Inside Kai Cafe and Restaurant

Ireland is currently facing an extreme shortage of chefs—so much that it's a threat to the hospitality industry, according to the Restaurants Association of Ireland. The issue has its roots in the country's required training for culinary arts programs: many schools that offer certificates or degrees don't require their students to get valuable real-world kitchen experience, so few schools turn out aspiring chefs that restaurateurs believe to be appropriately qualified. This has the Association requesting that the Minister for Education re-establish CERT, the now-defunct state tourism agency, provide training in the hospitality industry.

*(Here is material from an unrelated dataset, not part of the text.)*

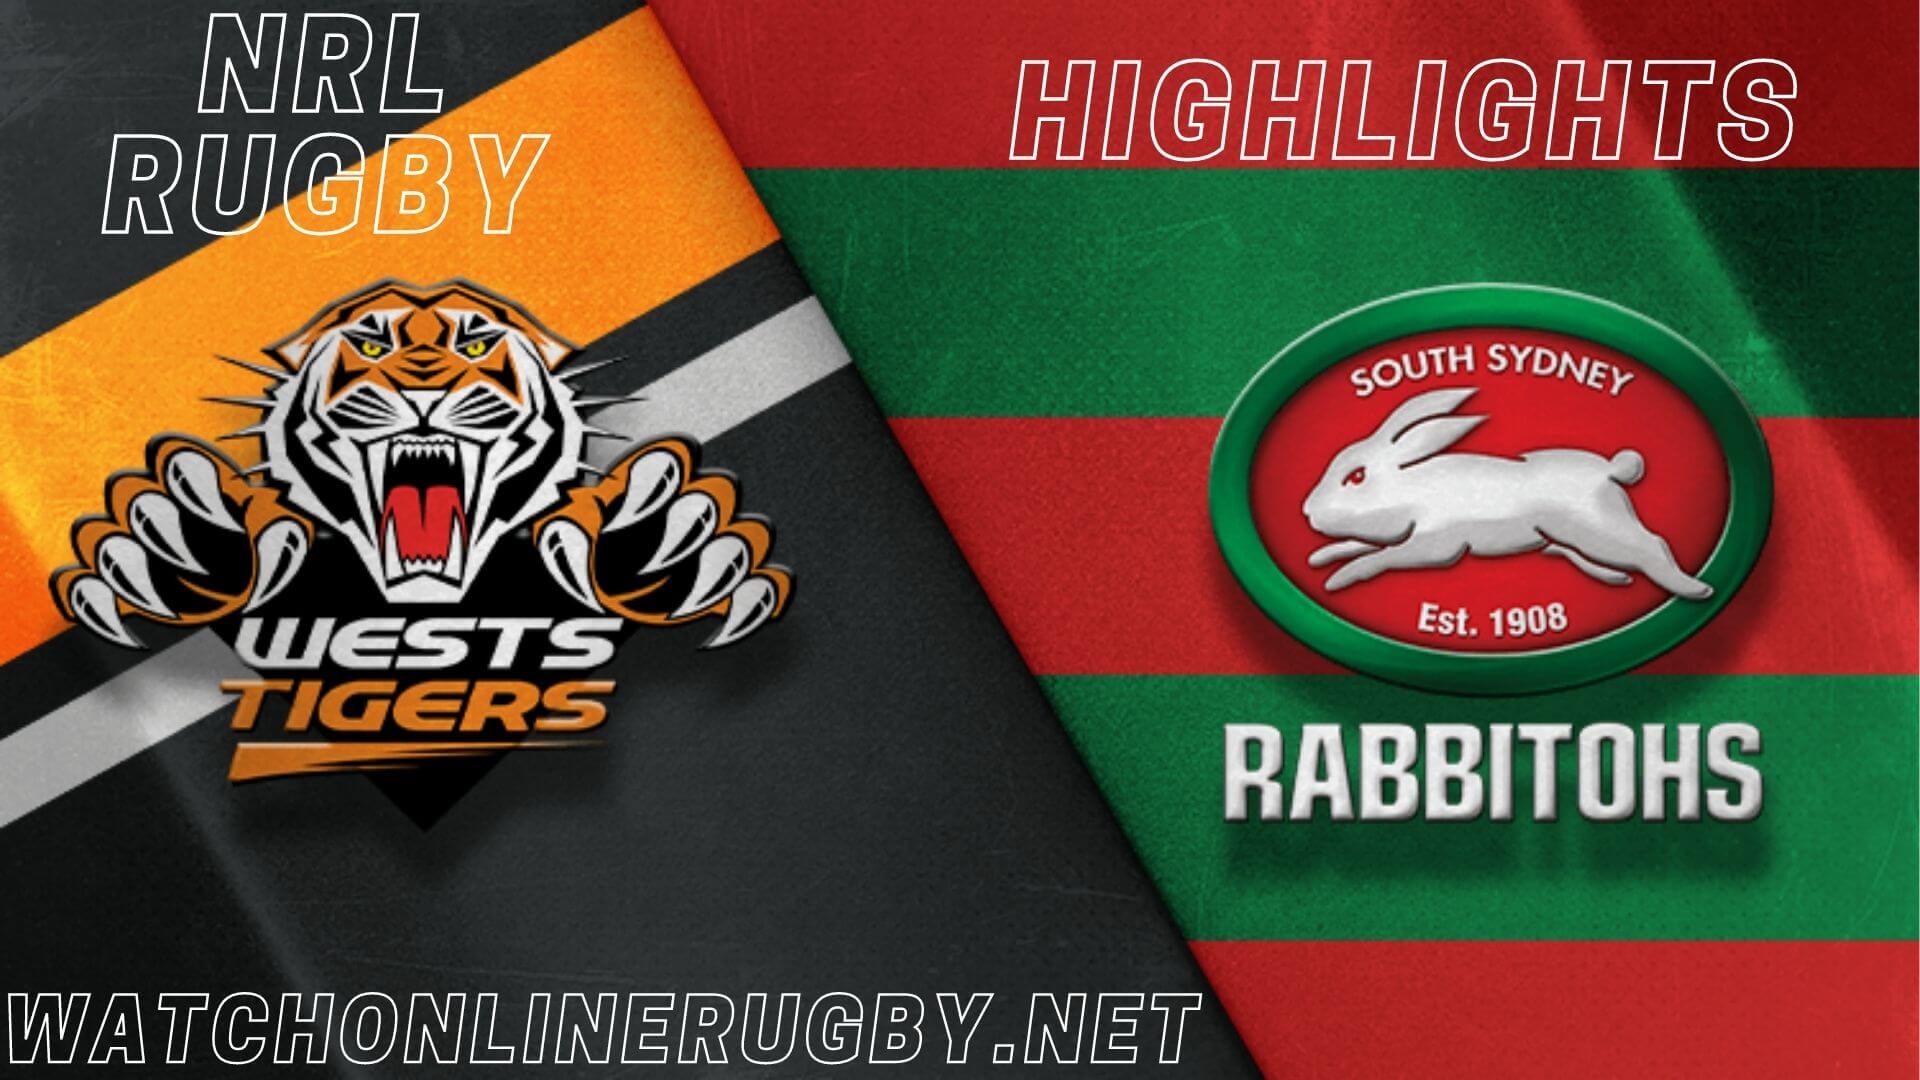 Rabbitohs Vs Wests Tigers Highlights RD 12 NRL Rugby
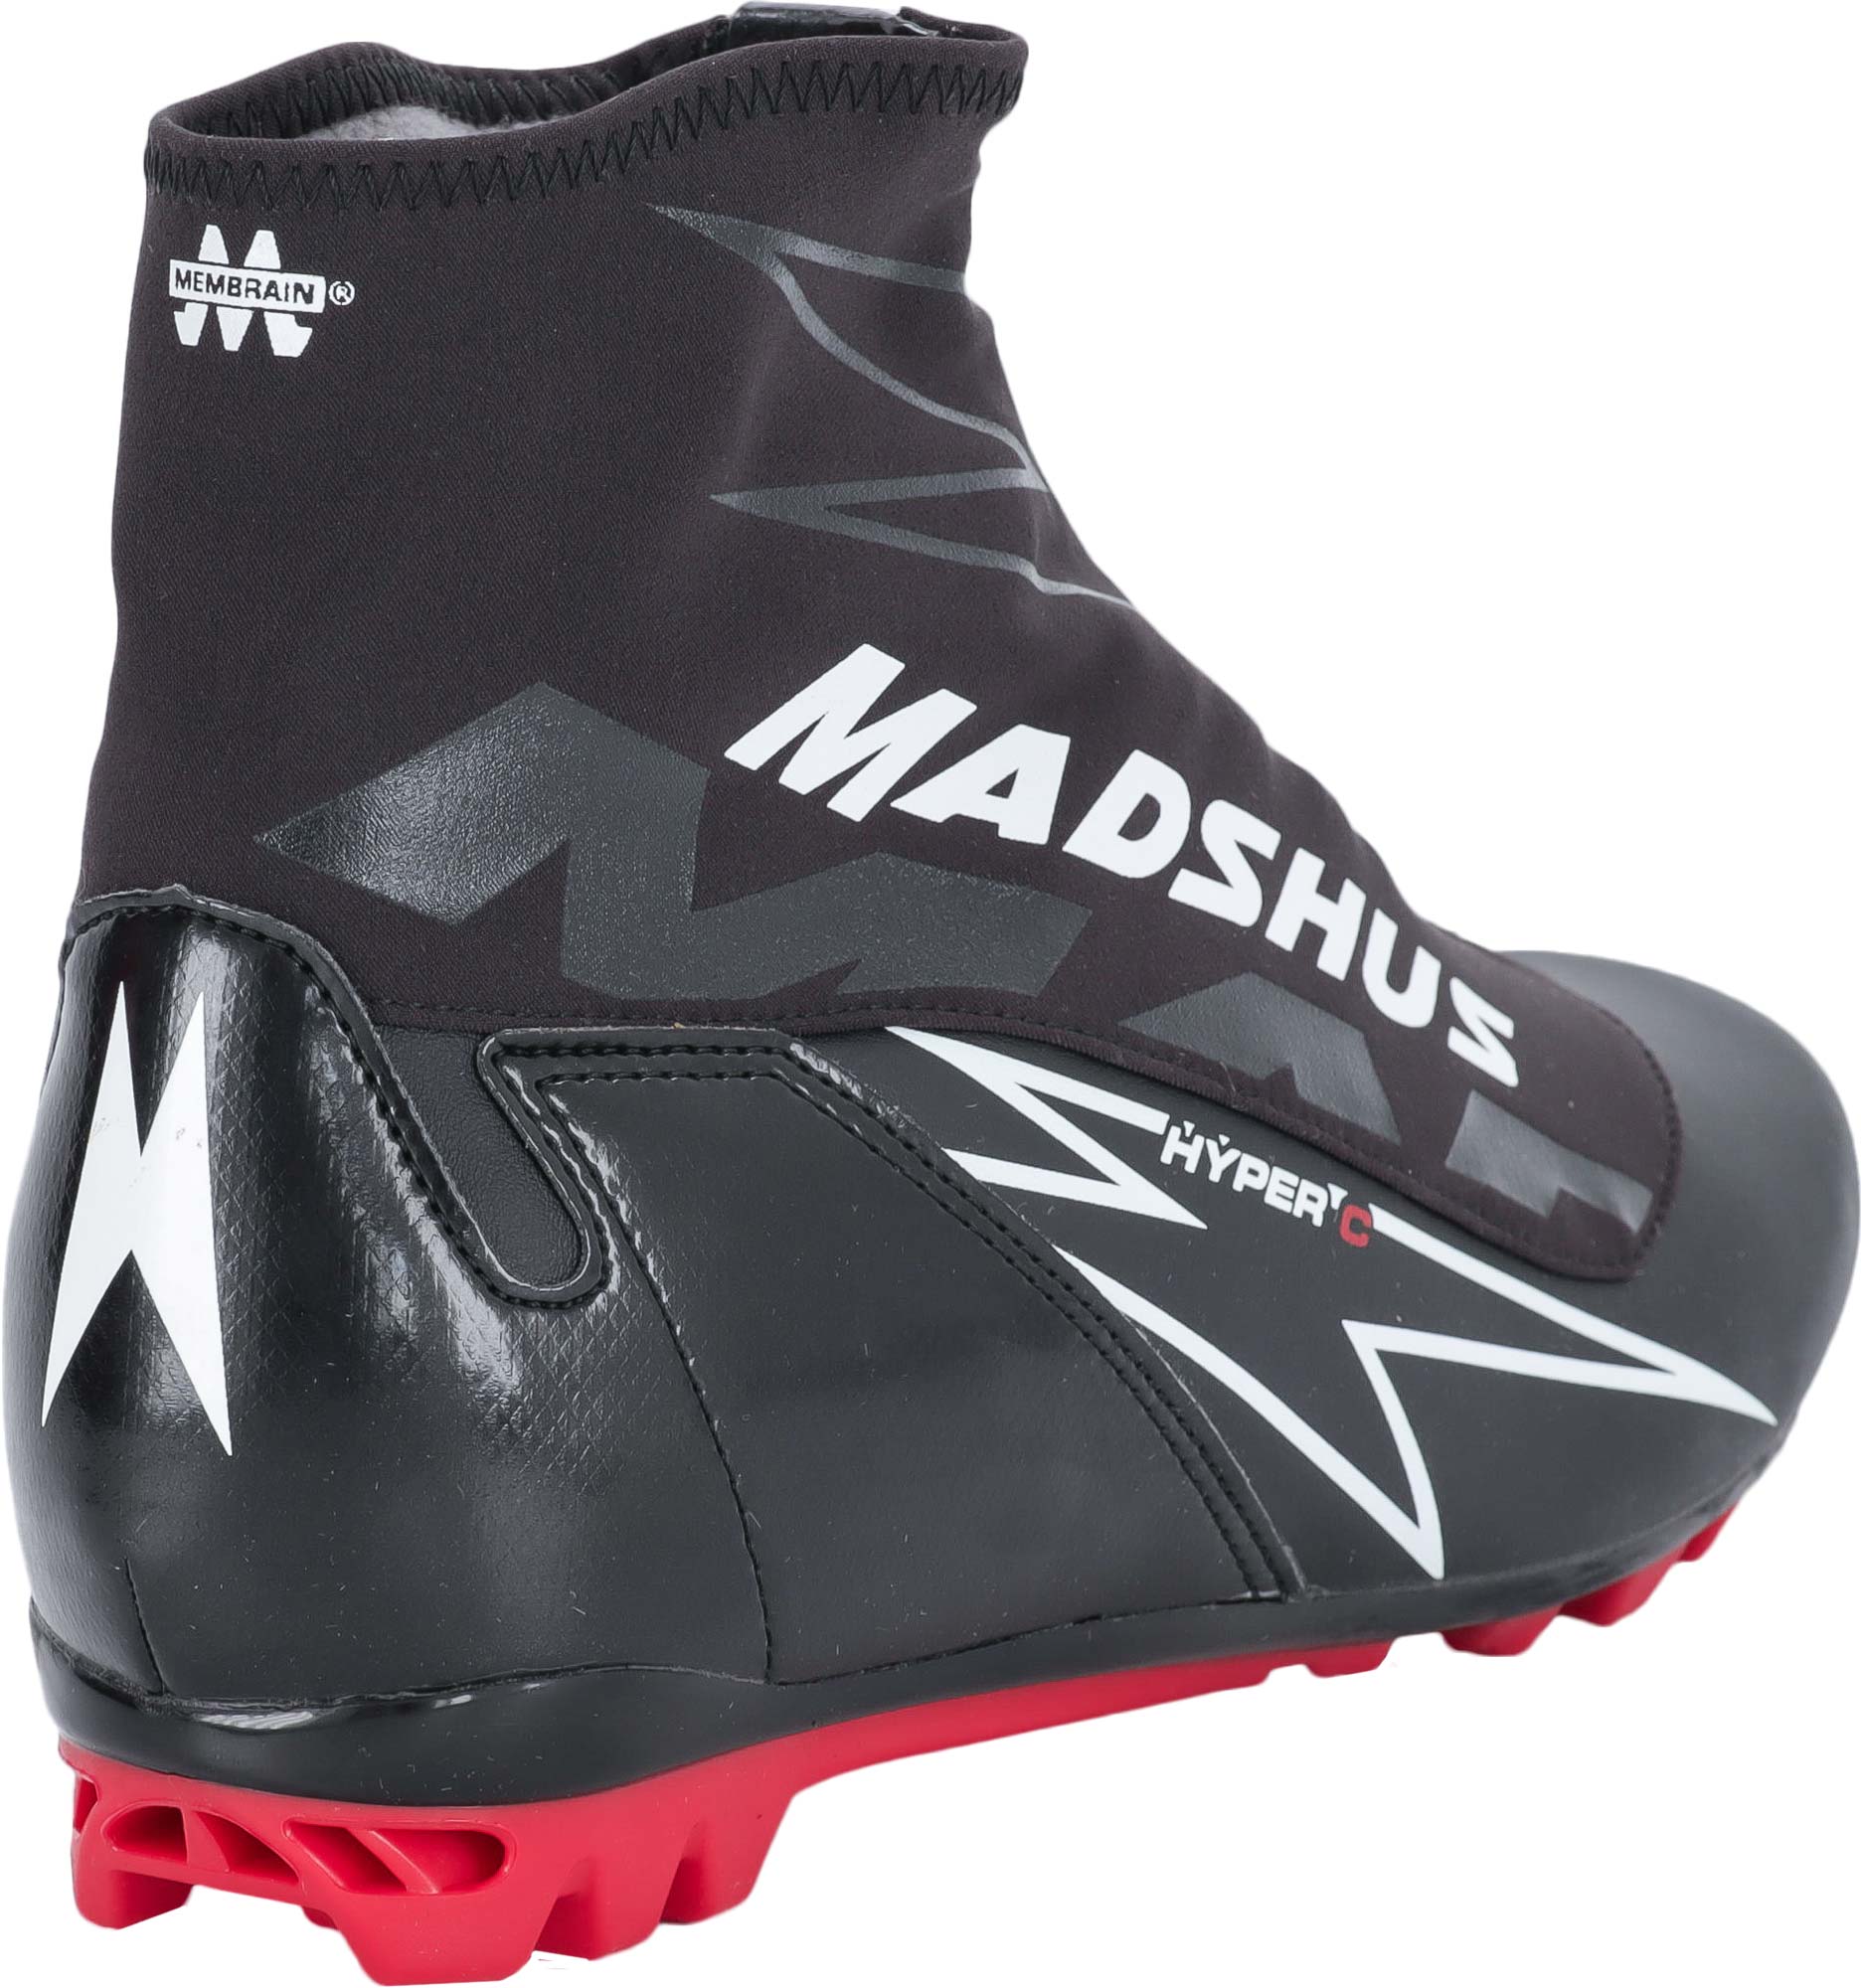 Nordic ski boots for classic style

Which is why Murphy thinks this database will be so important; if restaurants are to be filling these positions, and the hospitality industry is to become more balanced, it needs to be impossible for business owners to claim there are no great women chefs are out there. As Murphy says repeatedly, “we are here.”

And once women are in these kitchens, it’s about making sure they’re hospitable to both men and women, but especially women, who are at a disadvantage.

"How can we break the cycle?" she asks, referencing Ireland's gender-based pay gap (women are paid 14% less than men, according to the EU Commission), the demanding hours and vacation-less months, and the threat of losing your job should you choose to start a family.

These issues aren't unique to Ireland, or even New Zealand—they plague female chefs around the world, and the topic hasn't go completely undiscussed. In an interview with Splendid Table, Cohen cites the "restaurant industry's lack of benefits like health care and maternity leave" as sources; in Gastronomica, Charlotte Druckman investigates the mark of a "great chef," which doesn't work in womens' favor; and on Eater, Amanda Kludt explore how paid maternity leave could be key to reducing the gender divide.

“Can women who choose not to play by the same rules as the boys; who are equally ambitious culinarily but prefer different lifestyles—a slower pace, a more communal spirit in the kitchen, motherhood, less manic hours, or one restaurant where they cook as opposed to ten they oversee from afar—still vie for the same trophies as their male counterparts?” Druckman writes. “As long as success is measured by the male status quo, women will likely remain overlooked.”

So to Murphy, it starts with this database: something journalists, restaurateurs, panels, and those in the hospitality sector can reference to start getting women in restaurants, speaking on panels, participating in cooking demonstrations. Then, perhaps, the restaurant industry can see that it has to shift its bar for what makes a Great Chef.

“If I can get young women back in kitchens and make their lives more bearable, then we’d have more females in kitchens,” she says. “I want to be able to say ‘you can have a family, you can have lives, you can have hobbies, you can do all the things that your mates do.’ If we can make one little change, it will make a big difference.”